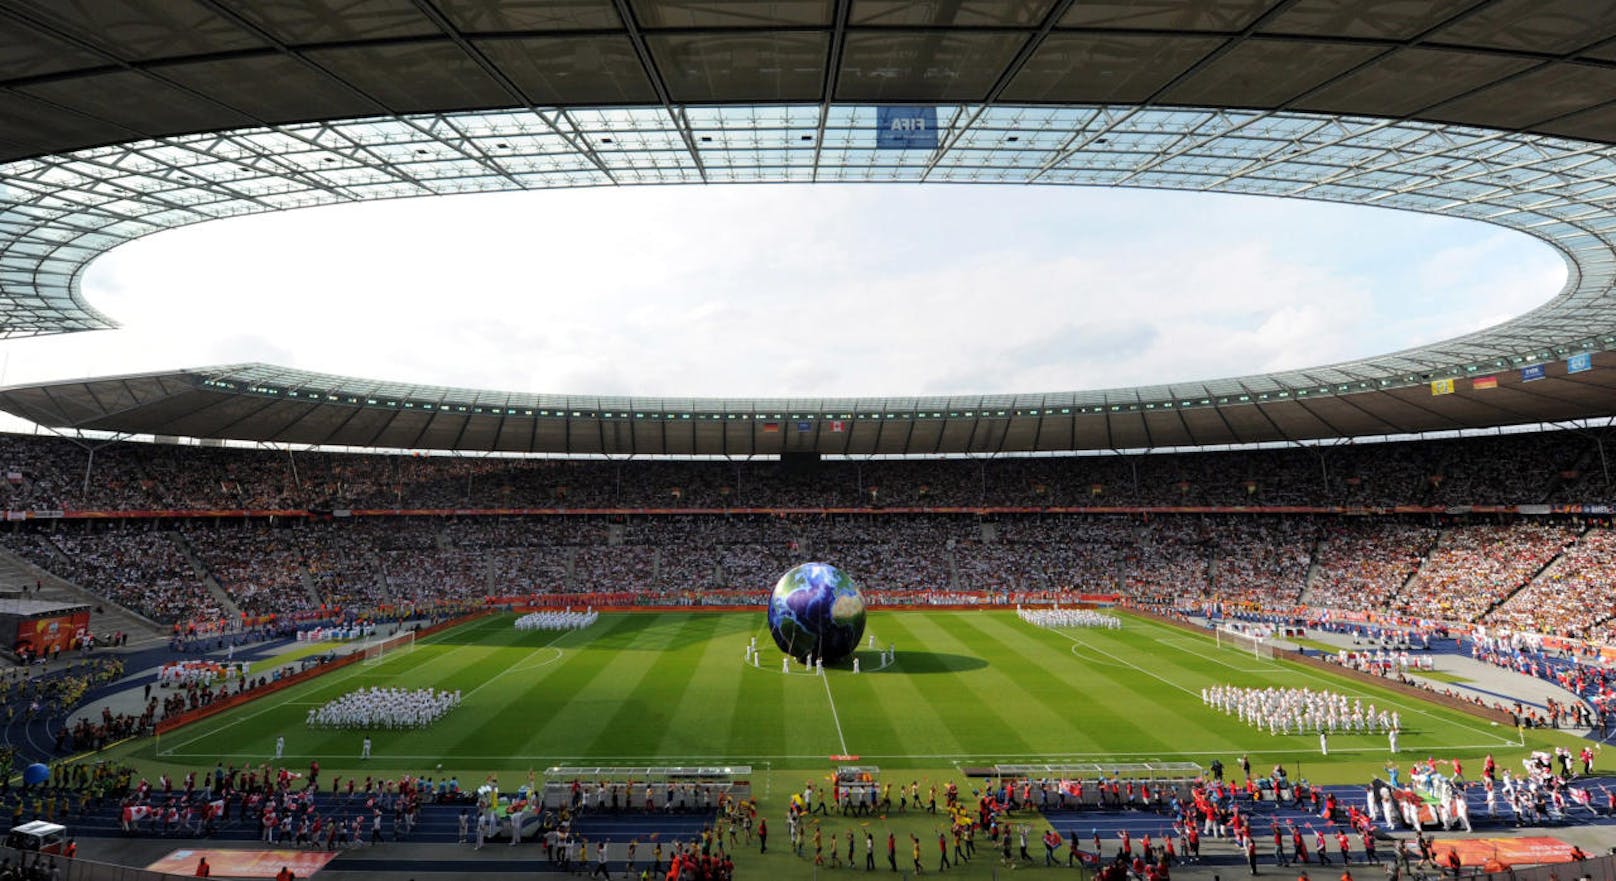 Unverkennbar ist das Berliner Olympiastadion. 74.475 Zuschauer finden hier Platz. Das Oval war 2006 Schauplatz des WM-Finales.
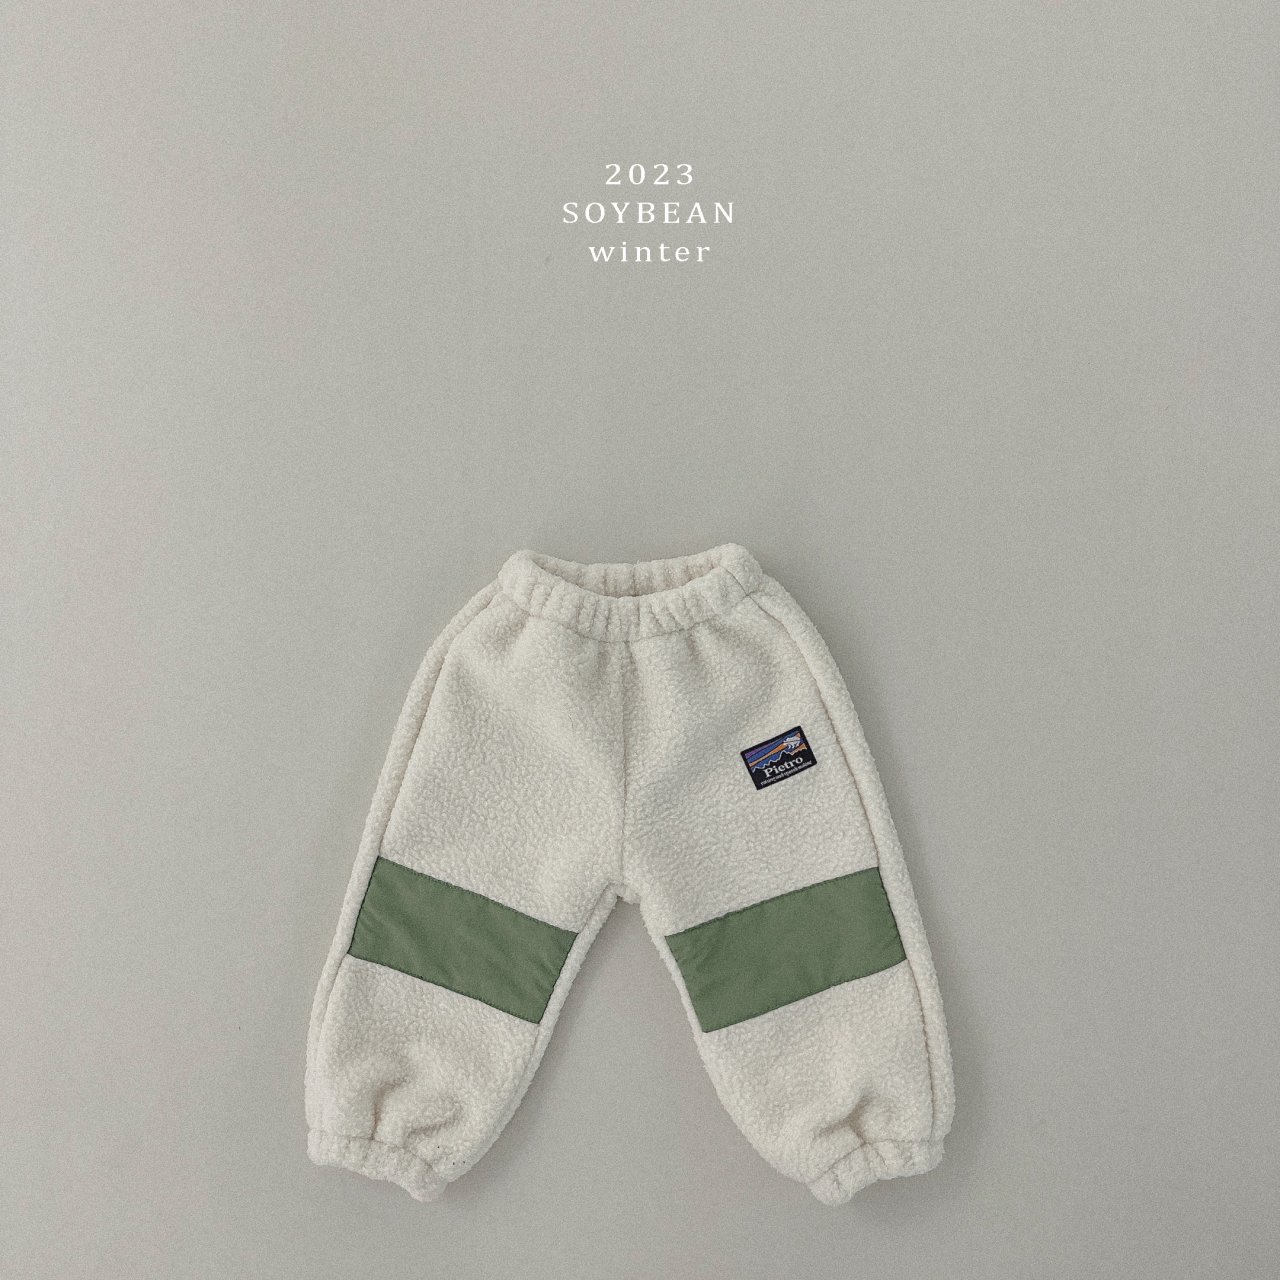 Soybean] Contrast Kids Fleece Winter Pants 
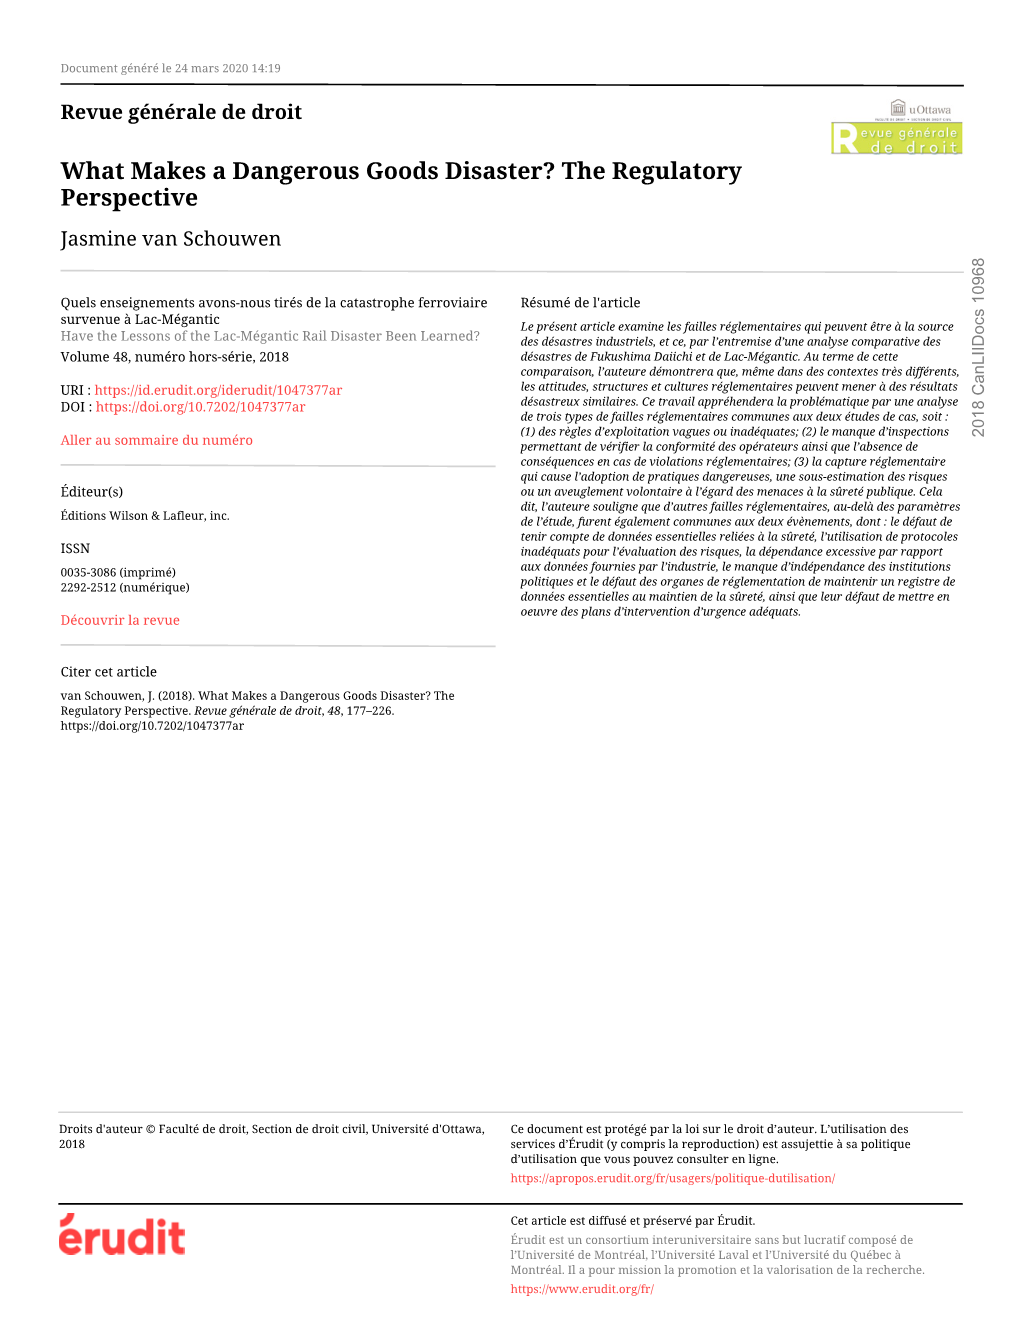 What Makes a Dangerous Goods Disaster? the Regulatory Perspective Jasmine Van Schouwen

Task description: Beginning with the line that holds "Soybean] Contrast Kids Fleece Winter Pants", extract every line to the end of the material, exactly as it stands, and drop the pictures.

Your solution:
 Soybean] Contrast Kids Fleece Winter Pants 
 What Makes a Dangerous Goods Disaster? the Regulatory Perspective Jasmine Van Schouwen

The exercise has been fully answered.